Eighty-five 85 percent of disciplinary cases handled through the Chicago Police Department’s grievance process since 2010 led to officers receiving shorter suspensions or, in many cases, having their punishments overturned entirely.
A secretive appeals system has been reducing the punishments of Chicago police officers no matter how serious their misconduct, the Chicago Tribune report and ProPublica Illinois report. The practice undercuts the results of lengthy investigations and layers of review long after the public believes the cases were concluded. The news outlets found that 85 percent of disciplinary cases handled through the Chicago Police Department’s grievance process since 2010 led to officers receiving shorter suspensions or, in many cases, having their punishments overturned entirely. A suspension for punching a handcuffed arrestee, all caught on camera? Negotiable. Discipline for making racially insensitive comments during a traffic stop? Tossed out and expunged from the record. Punishments for making false statements, an offense for which the department says it has zero tolerance? Those, too, were wiped away as if they never happened.

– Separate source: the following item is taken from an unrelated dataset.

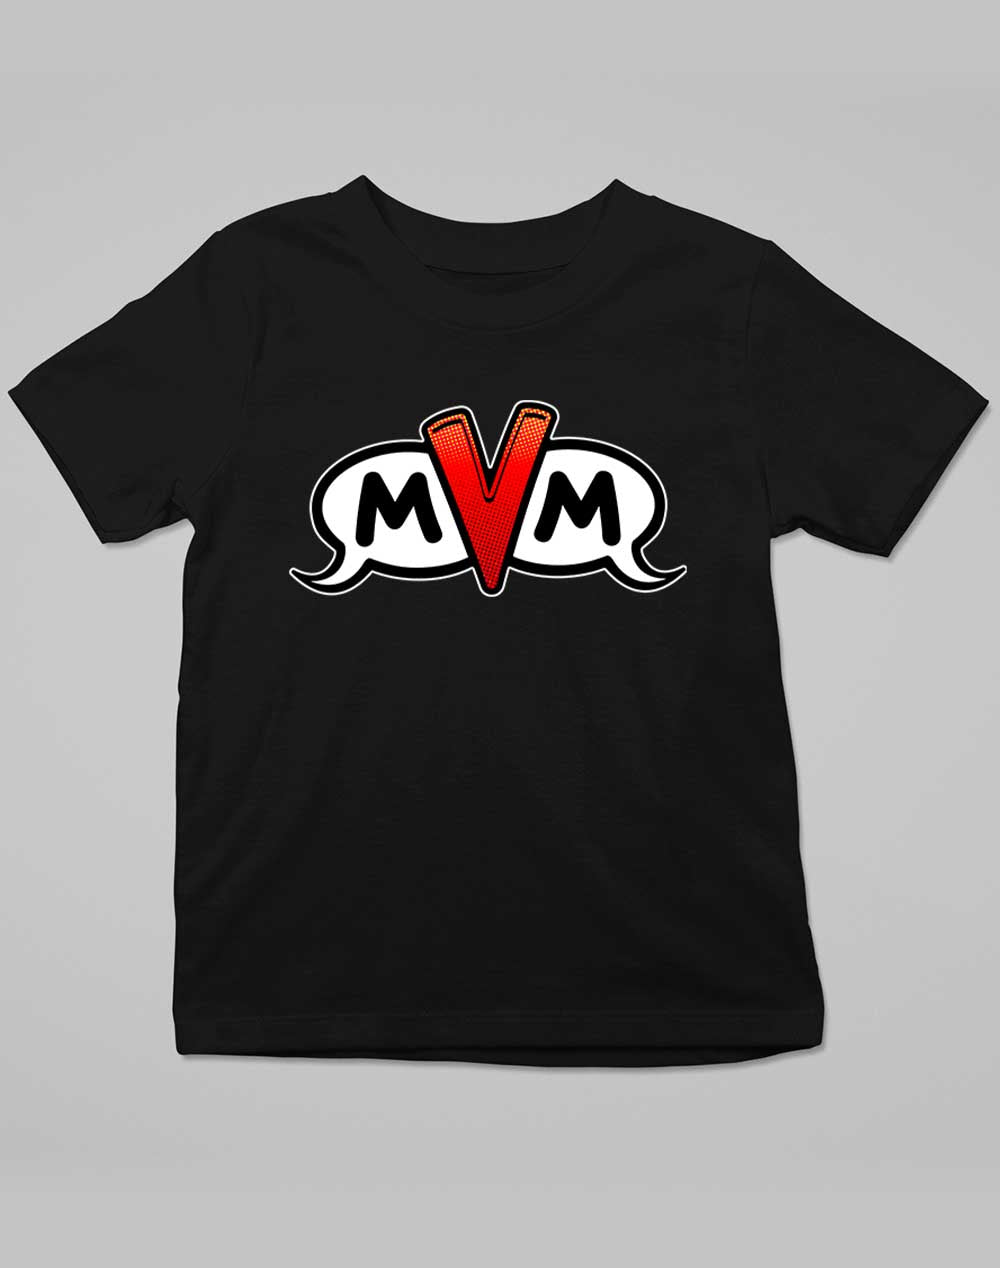 Deep Black - MvM Logo Kids T-Shirt
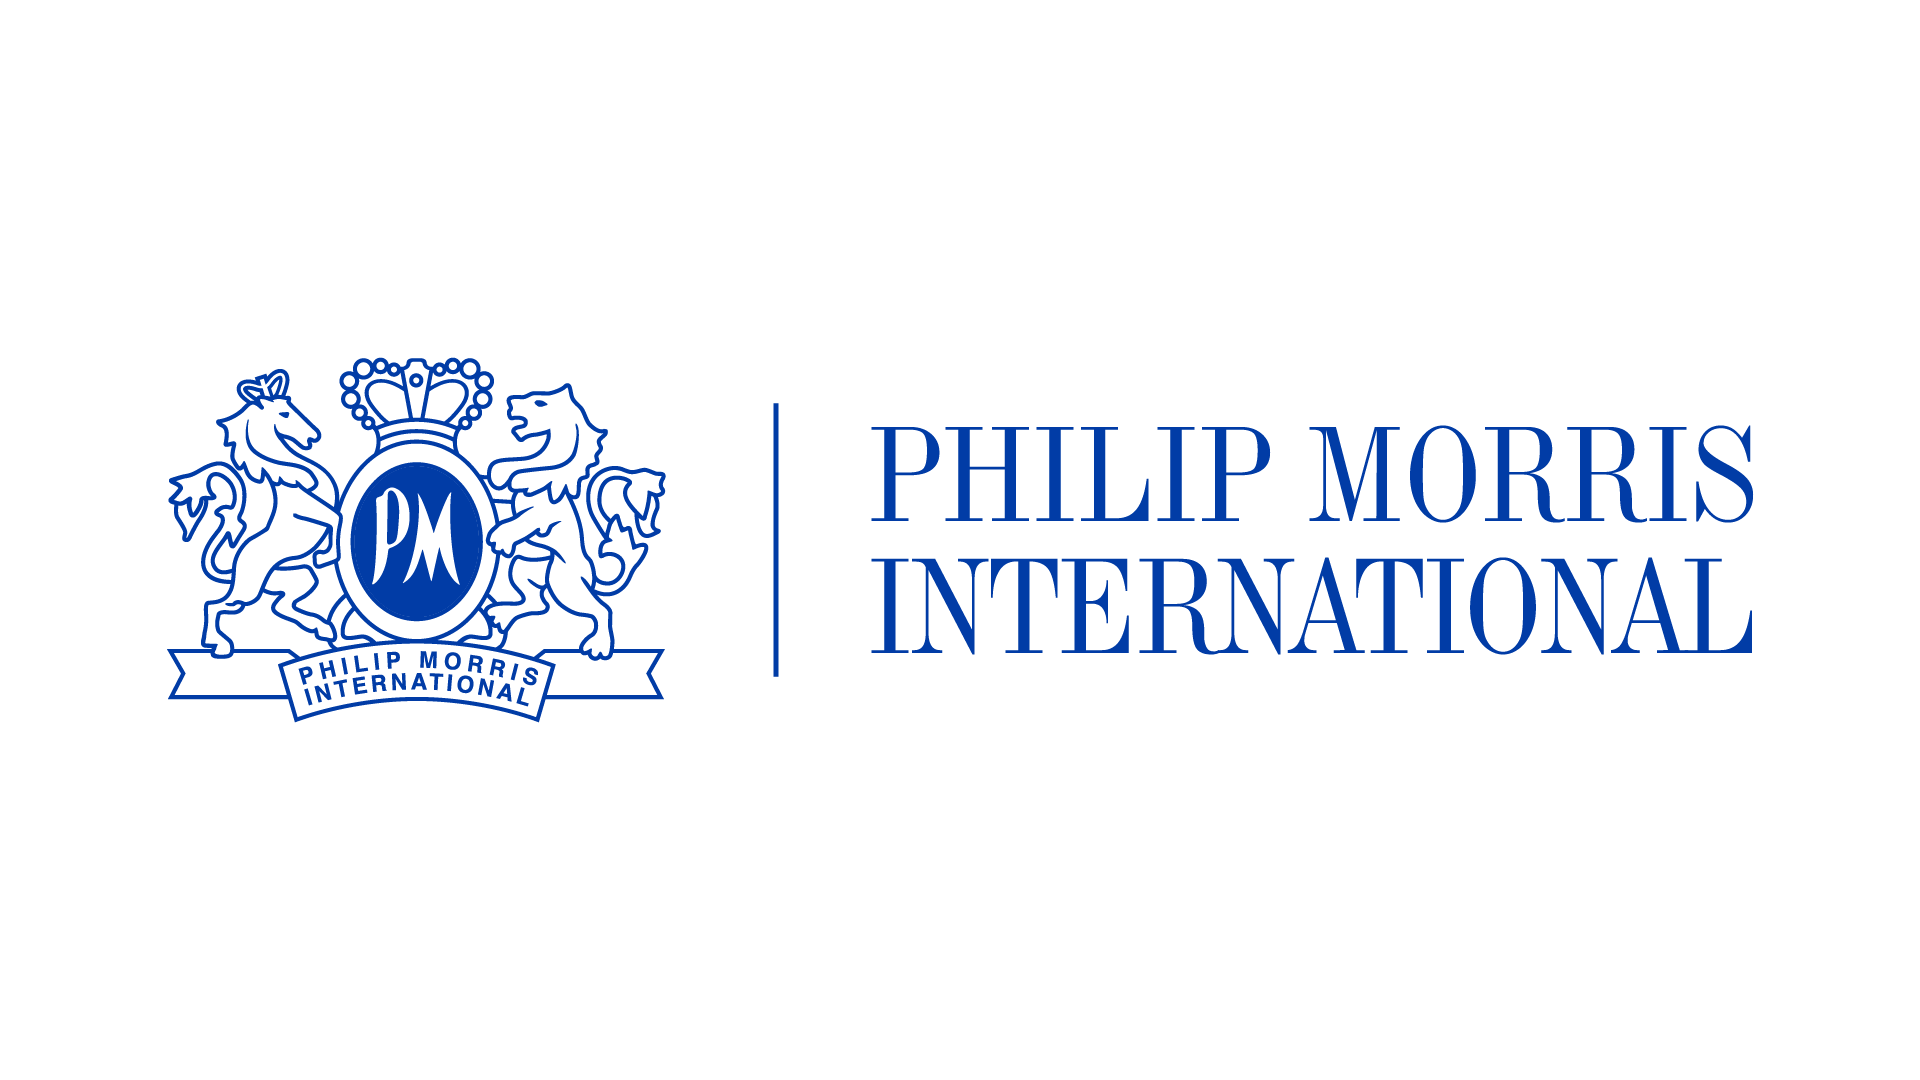 PMI - Philip Morris International - ФМИ - Филип Моррис Интернэшнл

The result has been the weakening of a police accountability system that rarely finds fault with officers’ actions in the first place. The department’s labor office operates behind closed doors according to requirements in the police union contract. Victims and complainants are not told when an officer filed a grievance nor are they notified of its outcome. The decisions that overturn discipline can have little to do with the facts behind the misconduct. The police department has no system to track cases, so reporters used data and records from the department and its oversight agency to follow more than 300 disciplinary cases, analyzing changes between the original discipline orders and the outcomes. Of 314 appeals the police union pursued on behalf of officers between February 2010 and February 2017, 266 led to favorable outcomes for officers. Police had their punishments reduced or — in 58 of those cases — had them overturned entirely.